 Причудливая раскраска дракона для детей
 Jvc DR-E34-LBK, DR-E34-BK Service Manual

* * *

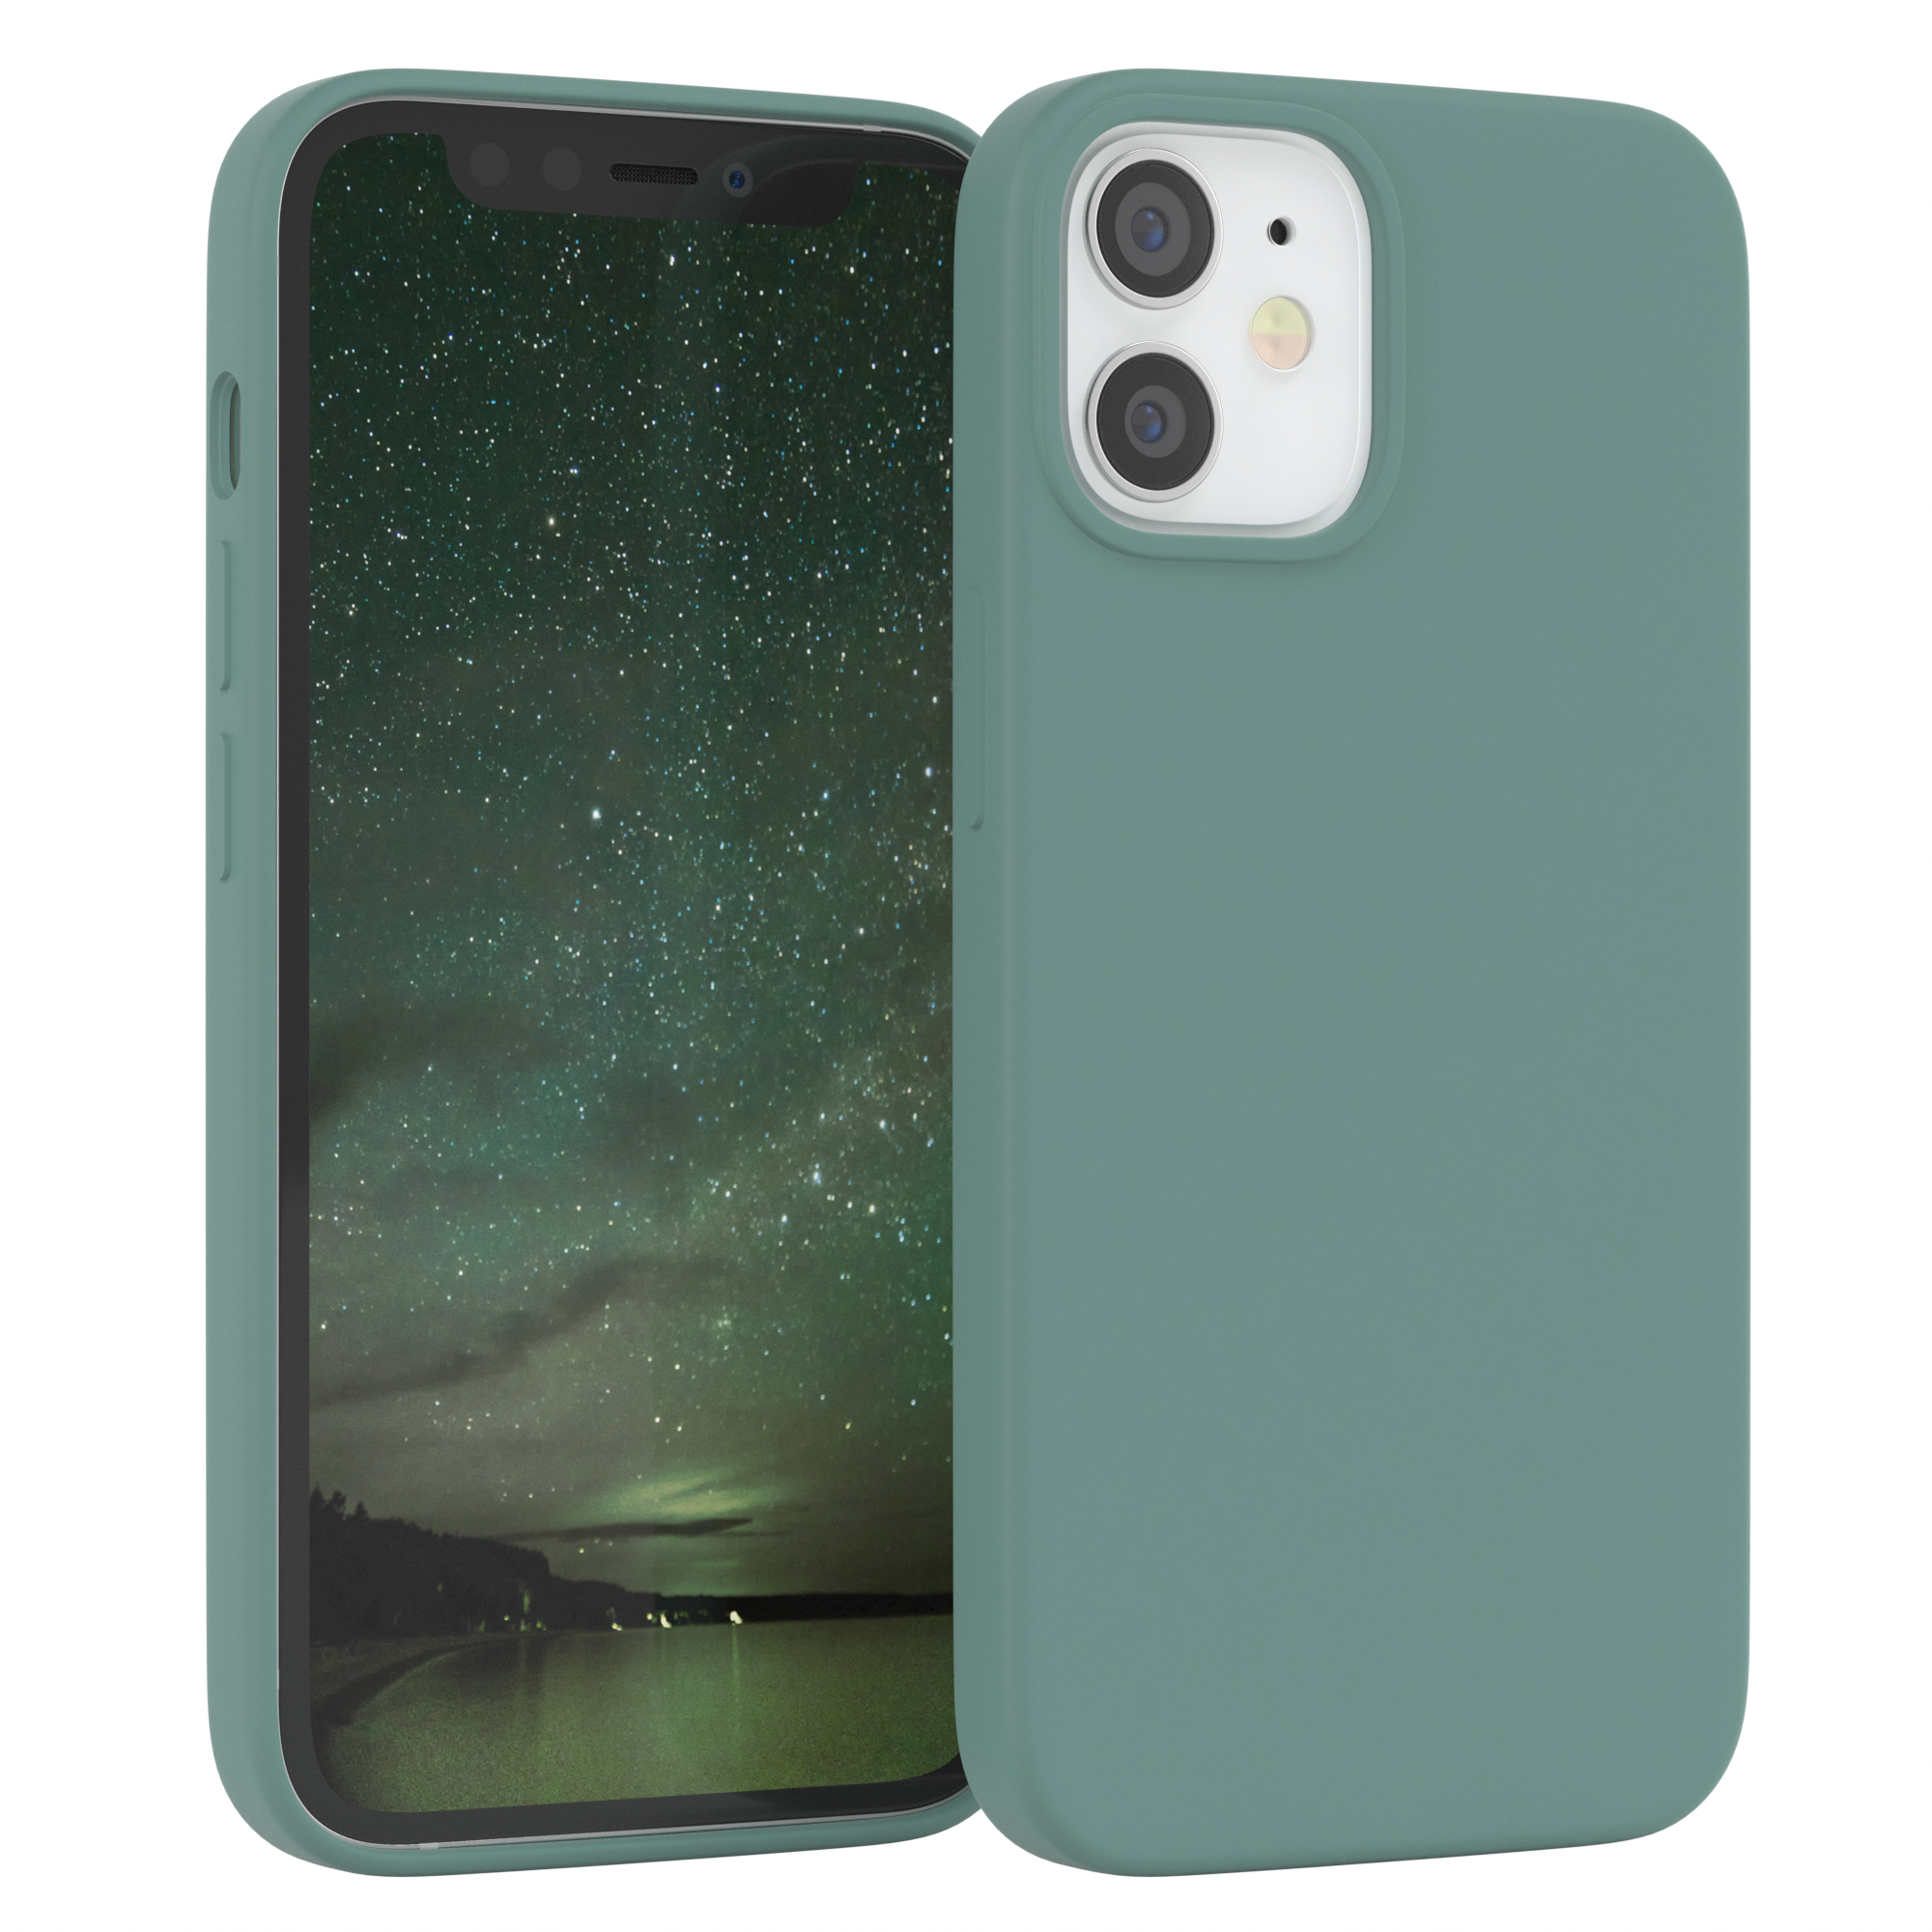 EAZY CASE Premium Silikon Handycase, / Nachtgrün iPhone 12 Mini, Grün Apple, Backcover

__How to complete this task__.
Could you set down, exactly as written, the lines above between the one holding "Причудливая раскраска дракона для детей" and the one holding "Jvc DR-E34-LBK, DR-E34-BK Service Manual", inclusive, and nothing more?

__Task response__.
 Причудливая раскраска дракона для детей
 Jvc DR-E34-LBK, DR-E34-BK Service Manual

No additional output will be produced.